Colley Method for Ranking NFL Teams

The NFL season started this week, which means it is a perfect time to set up a program for ranking teams! My fiancee bought me a book last Christmas called Who’s #1, which is an awesome book on how ranking and rating methods work. Specifically the book is geared towards sports, but I was surprised to learn how many companies use ranking algorithms — for example, Google and Netflix. I am — by and large — ignorant of most things sports related, but this past year I had lived with five other guys who love sports and who had invited me to join their March Madness bracket group. Since I don’t really follow college basketball, but I wanted a shot at winning our groups bracket challenge (there was a cash prize!), I used the methods in the book to rank college basketball teams and fill out the brackets algorithmically. I ended up taking the second place prize out of a group of nearly 25 brackets in our group, and in the top 5% nationally. I took first in my bracket group I did with the other graduate students…but I didn’t put any money in that one! (Bummer…)

One of the first methods I learned is called the Colley Method, and you can read all about it here. You might recognize it as one of the key computer methods in college football’s Bowl Championship Series (no comment on that). The method takes the win-loss record of each team, assigns them a numerical rating based on who they beat (or lost to), and ranks them according to that rating. The big idea is that if you beat a very good team, it should count more than if you beat a poor team, and if you lose to a very good team, you should not be ‘penalized’ as much as if you lose to a terrible team. In a sense, it works by interconnecting teams based on who they won and lost against — kind of like a pseudo-social network. If you beat me, and I beat your friend, then we assume you would have beaten your friend, even if you never go to play them. Hopefully that makes sense!

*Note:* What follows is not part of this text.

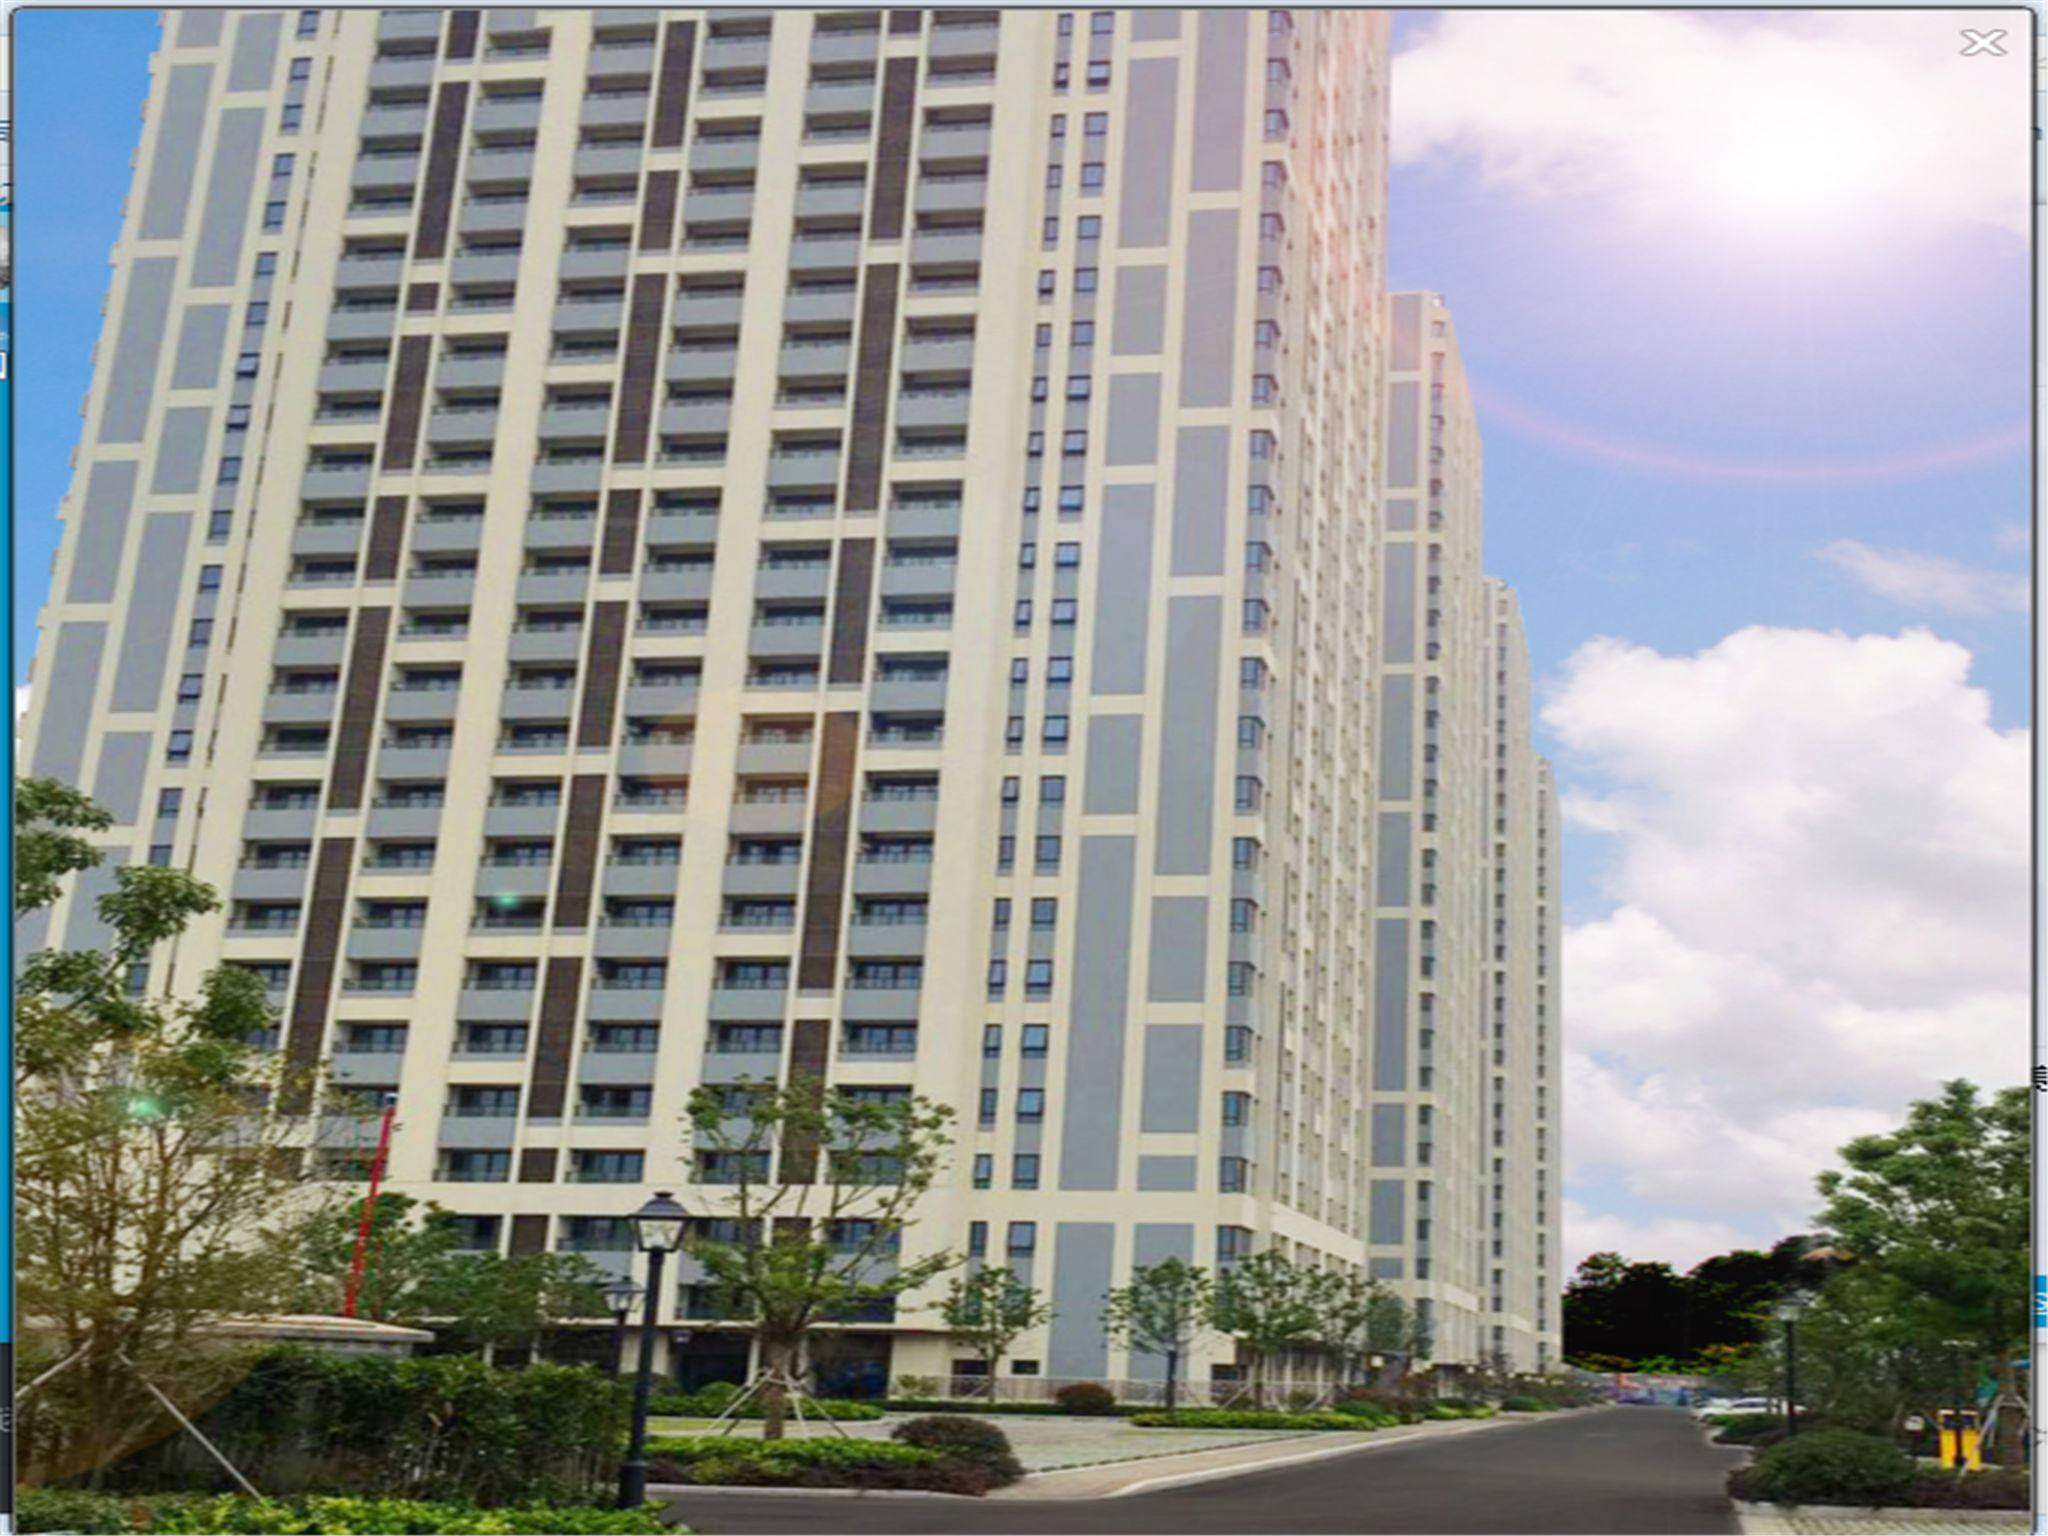 Bedom Apartments Wanda Taihu Yuexi Wuxi

Anyway, if you want to try it yourself, here is a link to the code that ranks both the 2012 and 2013 NFL teams. I included an option for preseason games, since there is (at the time of this writing) only one regular season game that has been played in the NFL. Note that you will need the numpy module for this to work.

To run it, type

python ranking.py -e -y 2013

This will call all the other python files to fetch the data from http://www.masseyratings.com and will then process it an implement the Colley method, giving you a colley.txt file containing the ratings of each team (sorted of course). The flag -y gives input for the year (2012 or 2013), and the -e flag, if present, includes exhibition matches as well (e.g. preseason games).

Now for the guts of the code (for those who are interested).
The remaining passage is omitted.